2. The "Swiss cheese" model of accident is more properly known as the Reason Model, after James Reason. Each slice of cheese is a layer in our defences against an incident (training, procedures, design, etc) but there are 'holes' in each layer (human inattention, etc). Sometimes all the holes line up, allowing a straight path through to an incident. Also have a read up on the Boeing 'Chain of Events' model, where a chain of events lead to an incident; if any one of the 'links' in the chain were broken, the incident would not have occurred. A good example of this model is the collision of two 747s at Tenerife in 1977. - Fellow air crash investigators fans – regarding the segment that criticised the aircrew for not following the flight instruments.

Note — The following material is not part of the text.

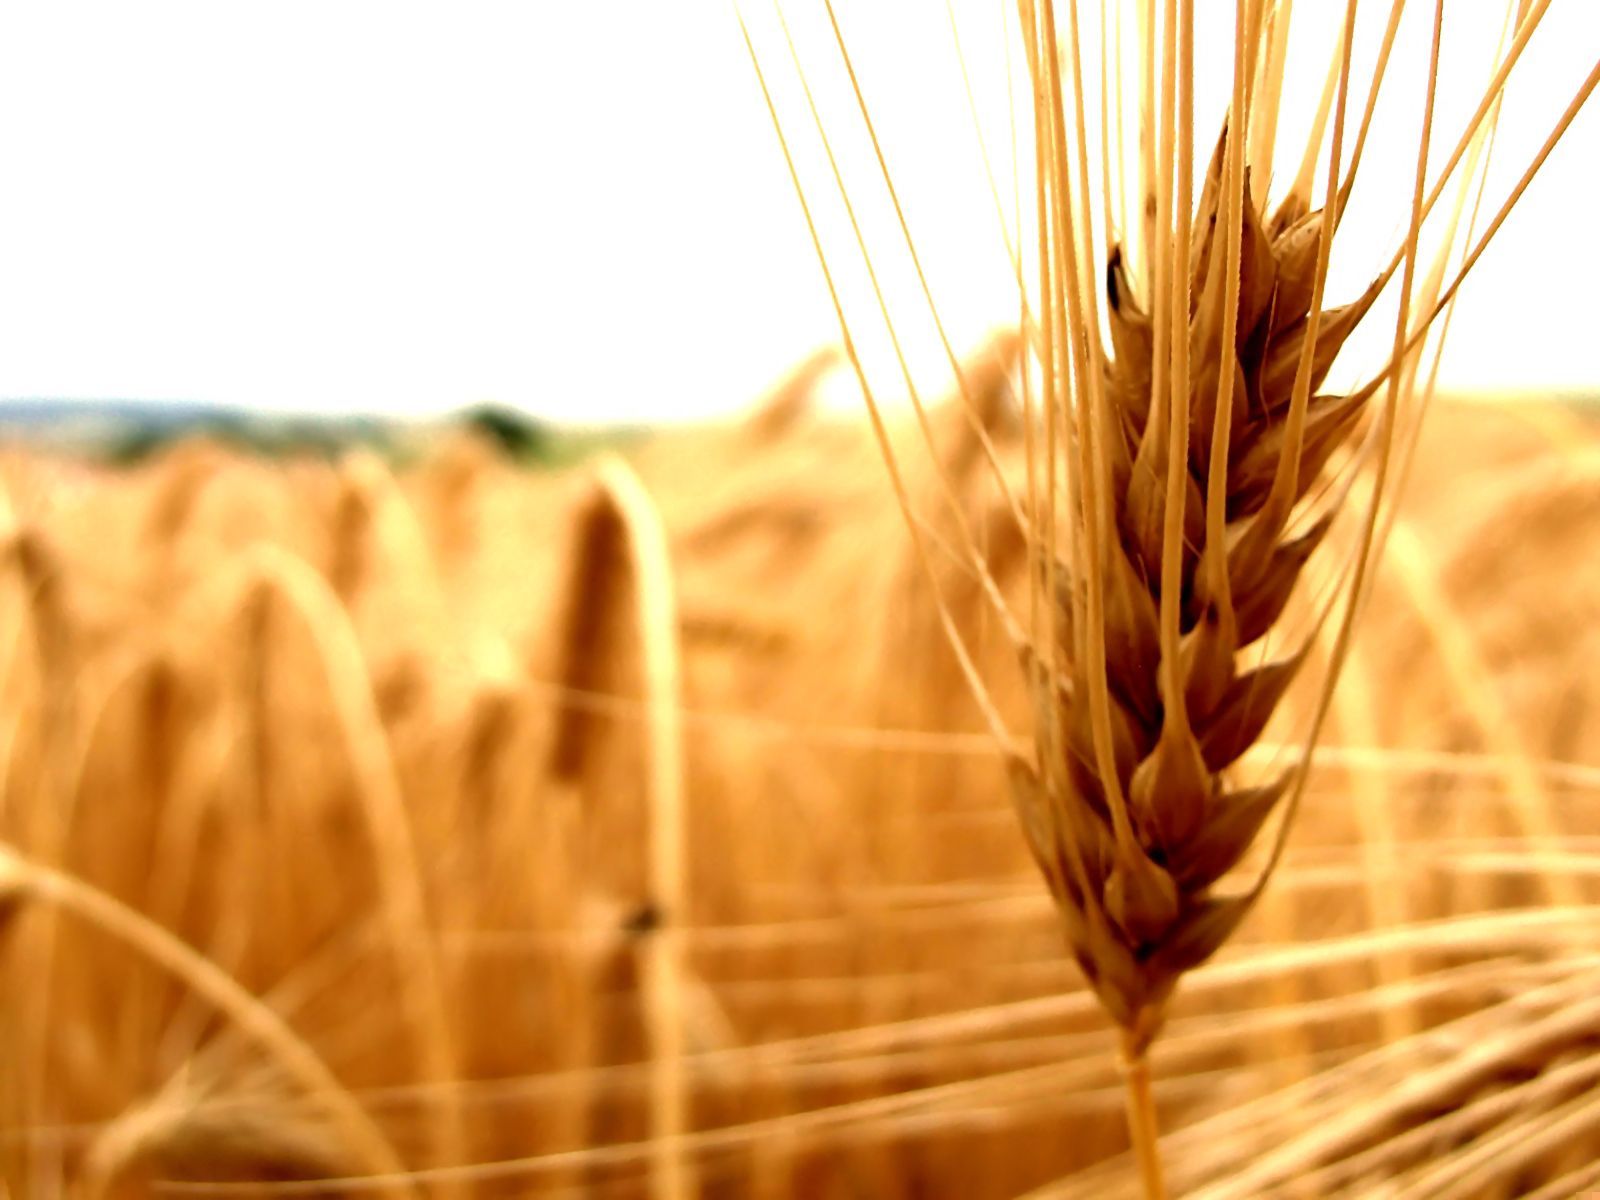 Фон колосья пшеницы

If the pitot tubes ice up, (one or all of them), the effect can be catastrophic, not only are the standby instruments of air speed, and true airspeed disabled, but so are the main readouts of these functions (via an air data computer). But even more importantly those air speed parameters are critical inputs to the ‘air data computer’ which also has inputs to the, cockpit instruments (readouts) auto pilot, and stall warning, to name but a few.
It’s not so much that the pilots will be ignoring the instruments and going on gut feeling, it’s that they will be getting conflicting information in the cockpit. They may well be ‘flying on instinct’ but only because they are unable to resolve the good information from the bad.
There was a similar episode of air crash investigations where a pitot tube had not been covered the night before and a mud-wasp was had built a nest it the hole, in this case one set of instruments disagreed with another set, the resulting confusion was all to predictable.
It’s been a while since I worked on aircraft, but the actual pitot static system (the pipes and tubing that feeds the computer and instruments) is not redundant, only duplicated, and even then some of the pressure and static feed in a single point of failure.